Boris must put ‘Net Zero’ to a people’s vote

It has been an eventful few weeks. Boris Johnson has been grandstanding on the world stage, preaching about climate change. He told delegates that “it was here in Glasgow 250 years ago that James Watt came up with a machine that was powered by steam that was produced by burning coal and yes my friends – we have brought you to the very place where the doomsday device began to tick.” He went on to say that “It’s one minute to midnight on that doomsday clock and we need to act now.” James Watt is a hero. His steam engine helped usher in the industrial revolution which brought prosperity and social mobility to millions of people, yet our Prime Minister refers to it as a “doomsday device.”

But true to fashion, Boris Johnson jetted back to London the following day in order to deal with urgent business. It transpired that the urgent business was a dinner at the Garrick Club with old friends from the Daily Telegraph.

Talking about private jets, there were so many of them arriving at Glasgow and Edinburgh airports that there wasn’t enough room for all of them to park. Some had to take off again and land at Prestwick Airport. 

Whilst attending the G20 summit, Joe Biden travelled through the streets of Rome in an 85-car cavalcade to meet the Pope to discuss… climate change. You couldn’t make it up. 

Prince Charles took a private jet to Rome to tell us that we all need to change our ways before it gets too late. This is from a man who has homes in London, Gloucestershire, and Scotland. His excuse is that he insists on using sustainable aviation fuel. That excuse sounds about as plausible as Elton John saying that although Harry and Meghan flew on holiday in his private jet, it was okay because he would offset their carbon footprint by planting some trees. 

Greta Thunberg addressed her disciples on the streets of Glasgow (she has become a secular street preacher), but because she is attacking so many people at the moment, the doom goblin – who really enjoys basking in the media limelight – is getting a cold shoulder from those who used to fawn all over her. Thank heaven for small mercies. 

The eco-terrorists of Insulate Britain are still busy gluing themselves to roads in various parts of the country. The Police arrest them (when they can be bothered), bail them, and then they start all over again. 

St Michael’s Cornhill in the City of London decided to change the name of ‘Choral Evensong’ to ‘Choral Eco-Song’ at the start of the COP26 summit. The church even commissioned a new doom-laden anthem to mark the occasion. Saving souls is not the Church of England’s priority anymore, as I discovered during my unsuccessful attempt to get elected to General Synod.

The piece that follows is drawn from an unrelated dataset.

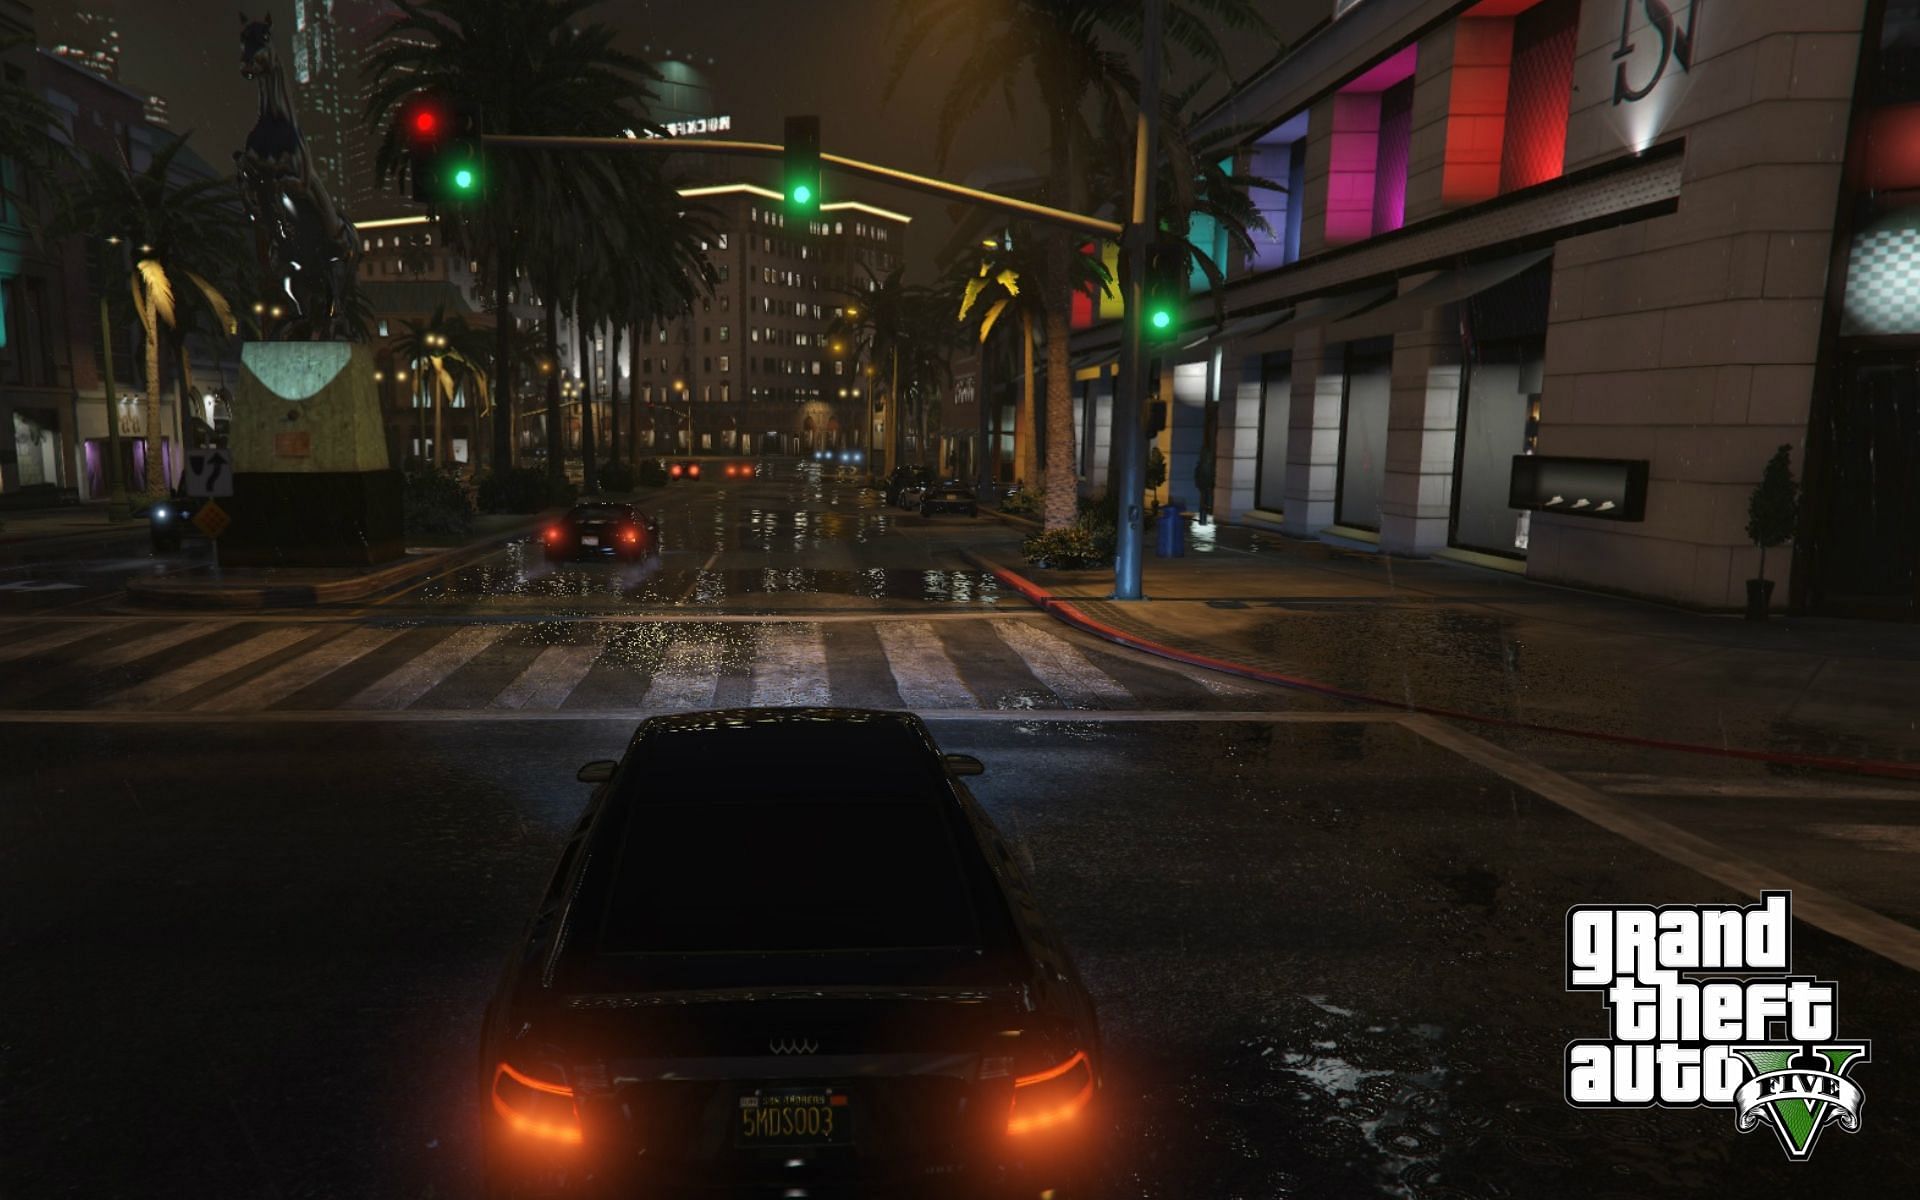 GTA 5 manages to look beautiful even after all these years (Image via Rockstar Games)

During an online hustings event, one woman, when asked what she thought the main challenges facing the church would be over the next five years, gave us a two-minute speech about climate change. We were even informed that she and her husband decided to have just one child in order to save the planet! 

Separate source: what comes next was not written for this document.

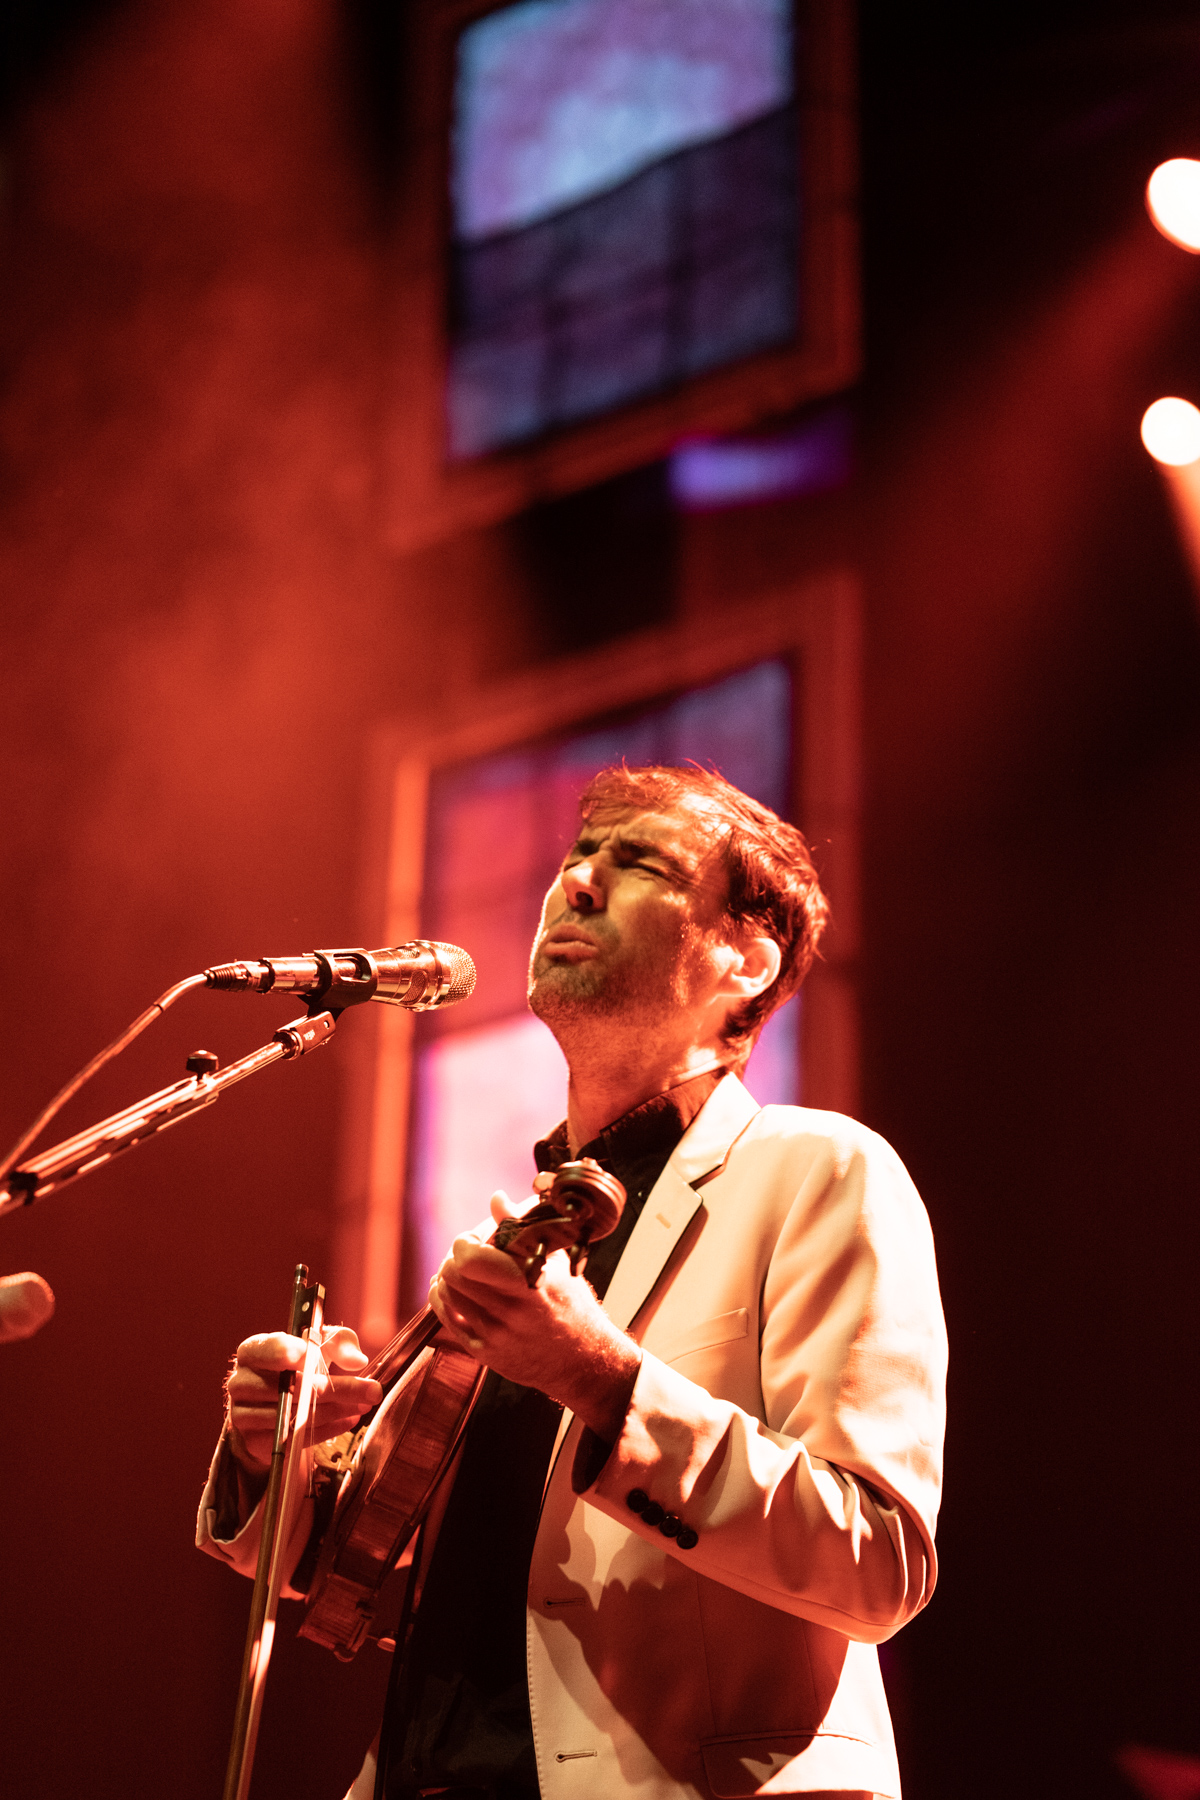 Andrew Bird at the Palace Theater

Now that the jamboree of hypocrisy is over, it is the rest of us who will have to pay the bills for leaders’ grandstanding. We are currently struggling to generate enough electricity and bills are starting to sky-rocket, yet the Prime Minister wants all of us to drive electric cars. Gas boilers out; inefficient heat pumps in. There is even talk about extra taxes on meat, making the cost of feeding a family much more expensive. The Prime Minister is living in a fantasy world if he thinks that the voters will stomach this. After seemingly endless headlines predicting climate Armageddon, voters are concerned about climate change, but they don’t want to pick-up the bill Boris Johnson is about to give them. The sooner the Prime Minister realises that, the better. 

In a recent survey of members of The Freedom Association, just under 70 per cent responded by saying that we should have a referendum on net zero. Although I am not keen on the idea, I am coming to the conclusion that campaigning for one is probably the only way we can have a proper debate about the causes of climate change and the Government’s costly proposals and policies. 

I voted Conservative at the last general election – not that it made much difference to the result as I live in a safe Conservative seat; however, I do have buyer’s remorse. I know that the alternative was Jeremy Corbyn and that despite Boris Johnson leading the most un-Conservative Government anyone can remember, even he is better than Corbyn, but that shouldn’t stop us from voicing our concerns. 

Freedom is not just under threat, it is being attacked on a daily basis, and the Government is responsible for many of those attacks. It’s as if we are back in the 1970s, in a failing country suffering from the policies of the post-war consensus. It was because of those failing policies The Freedom Association was founded. It’s as if Margaret Thatcher had never been in power for eleven and a half years. 

In the words of Pres. Ronald Reagan:

“Freedom is a fragile thing and is never more than one generation away from extinction. It is not ours by inheritance; it must be fought for and defended constantly by each generation, for it comes only once to a people. Those who have known freedom, and then lost it, have never known it again.”

In this month of November, a month where we remember those who have died fighting for their country and for freedom, we are also reminded of why The Freedom Association is needed as much, if not more, than it was when our founders decided that enough was enough in 1975.